Fear related response times across the respiratory cycle:
In addition to respiratory-related changes in amygdala activity and amygdala stimulation-induced apnea, experiments from our lab have found that fearful faces are recognized more quickly when encountered during inhalation compared to exhalation. The importance of the amygdala in fear processing combined with its potential role in breathing combine to suggest the possibility for fear-related changes in breathing. Preliminary evidence suggests that individuals with high anxiety scores have a different pattern of breathing than those with low anxiety scores following presentation of fearful faces compared to surprised faces. We found that when fearful faces are presented to anxious individuals when they are inhaling, the subsequent exhale is shallower compared to their typical exhales. We also found that when fearful faces are presented to anxious individuals when they are exhaling, the subsequent inhale is deeper compared to their typical inhales. Overall, When grouping subjects by anxiety scores, we found that faster fearful response times during inhalation are only evident in subjects with “low anxiety”. The effect diminishes in subjects with higher anxiety scores. We are conducting a number of psychophysical experiments to probe these effects. Our findings can potentially be used as a simple biomarker for anxiety and support the idea that respiratory phase may influence how stimuli are processed and reacted to.

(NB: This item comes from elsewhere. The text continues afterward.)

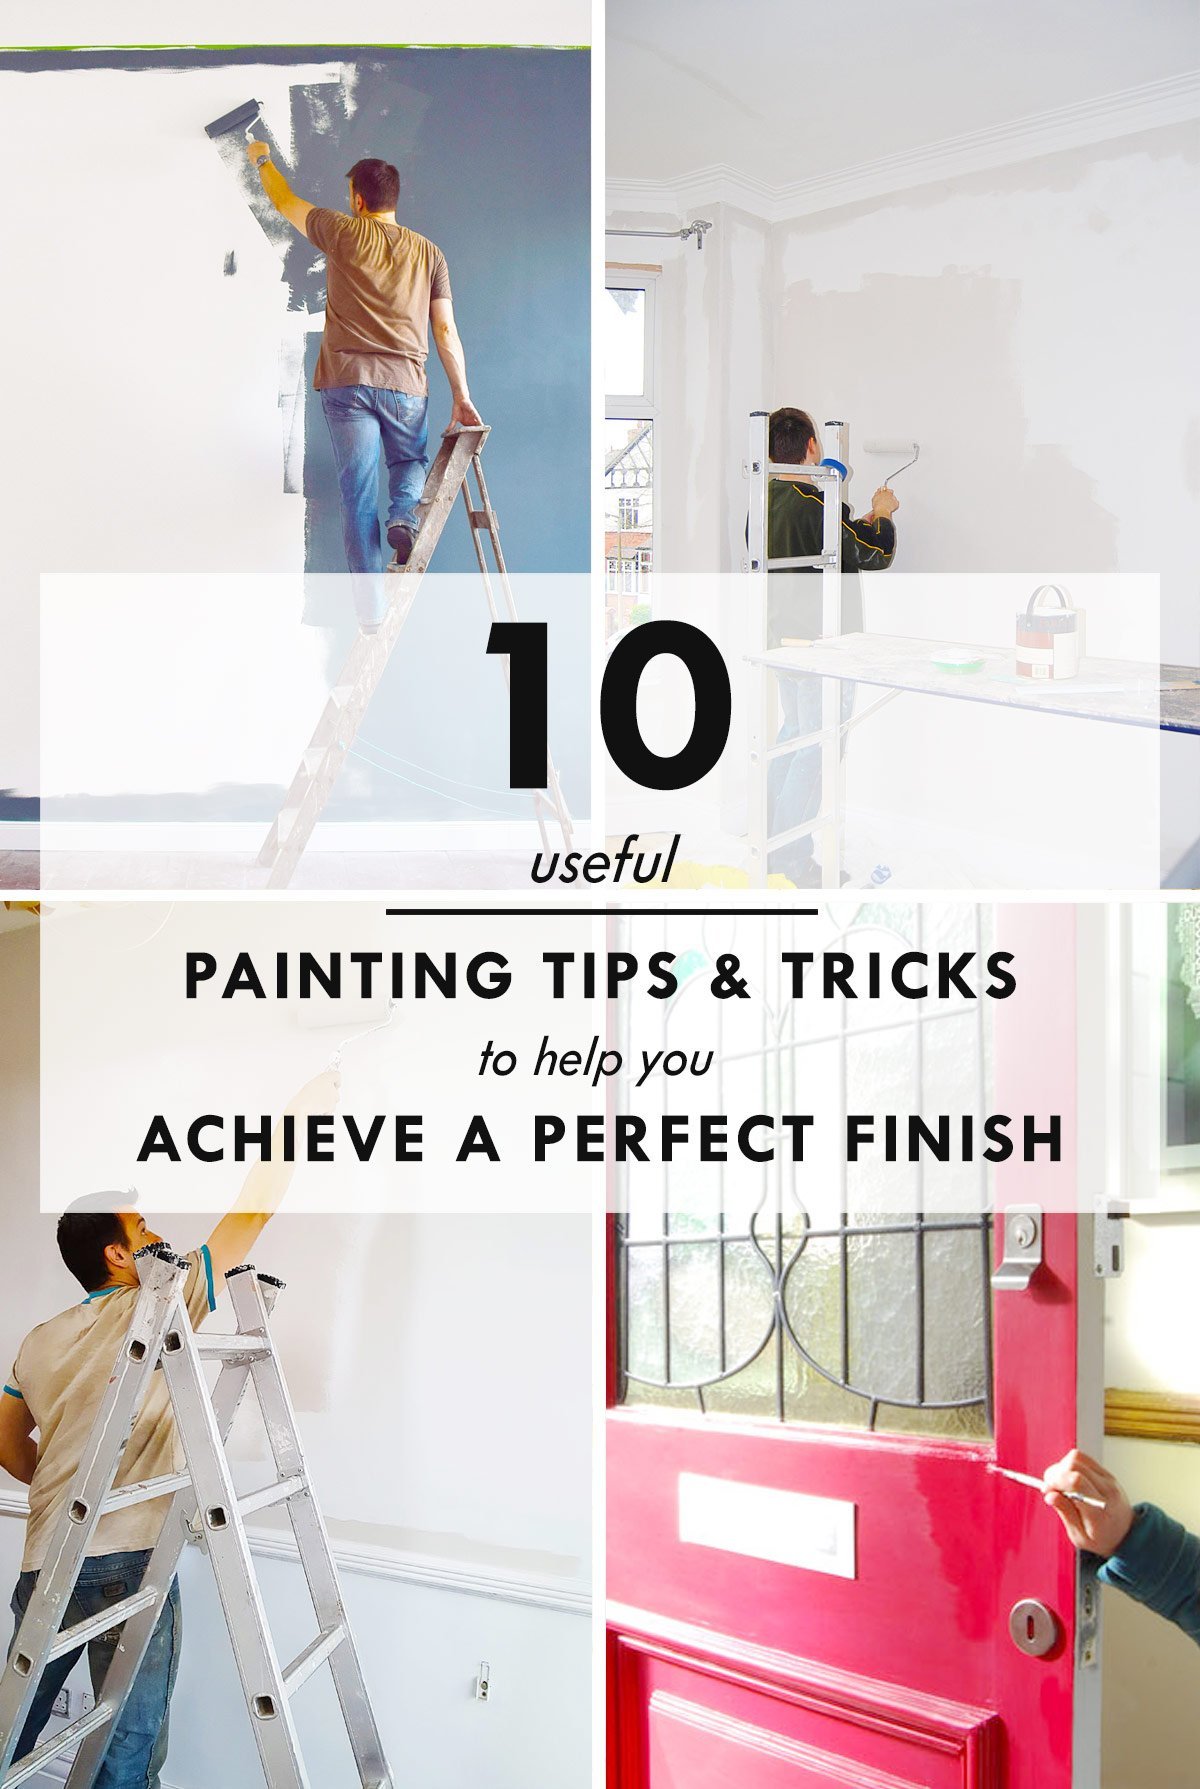 House-Painting Tips for a Perfect Finish

Sudden unexpected death in epilepsy (SUDEP):
A deeper understanding of human respiratory regulation is important, particularly in relation to patients with epilepsy, given its potential relevance to Sudden unexpected death in epilepsy (SUDEP). SUDEP is the most frequent cause of death in epilepsy patients, with accumulating evidence suggesting respiratory involvement. In 16 SUDEP cases that occurred in epilepsy monitoring units across the world, a consistent sequence of events was observed after each seizure that resulted in SUDEP: rapid breathing followed the generalized tonic-clonic seizure, followed by apnea, followed by increasing bradycardia and postictal generalized electroencephalogram suppression with terminal apnea preceding the terminal asystole. Thus in all recorded cases of SUDEP, the initial pathological symptom consisted of respiratory dysfunction. One possibility is that seizures spreading to brain structures involved in higher order control of brainstem function can lead to SUDEP. The extended amygdala, comprising chiefly of the central amygdala and the bed nucleus of the stria terminalis, is a part of the central autonomic network that is interconnected between higher order cortical areas, brainstem, and hypothalamic networks raising the possibility that it could be the missing link in the mediation of SUDEP. The central amygdala is activated by seizures, and its activation can have powerful effects on heart rate, blood pressure and respiratory function. Furthermore, extended amygdala projections reach areas that are important for control of cardiorespiratory function including the nucleus of the solitary tract and the ventrolateral medulla. Studies from our lab have found that electrical stimulation of the human amygdala induces apnea. We have also recently found that stimulation-induced apnea can be prevented in two ways. First, electrical stimulation delivered during mouth breathing does not induce any apnea. Second, if we directly instruct the patient to take a breath during electrical stimulation, the patient can overcome the apnea and is able to breathe. We are working to develop a SUDEP alarm device that can prevent respiratory arrest in patients who are at high risk of SUDEP, based on these data.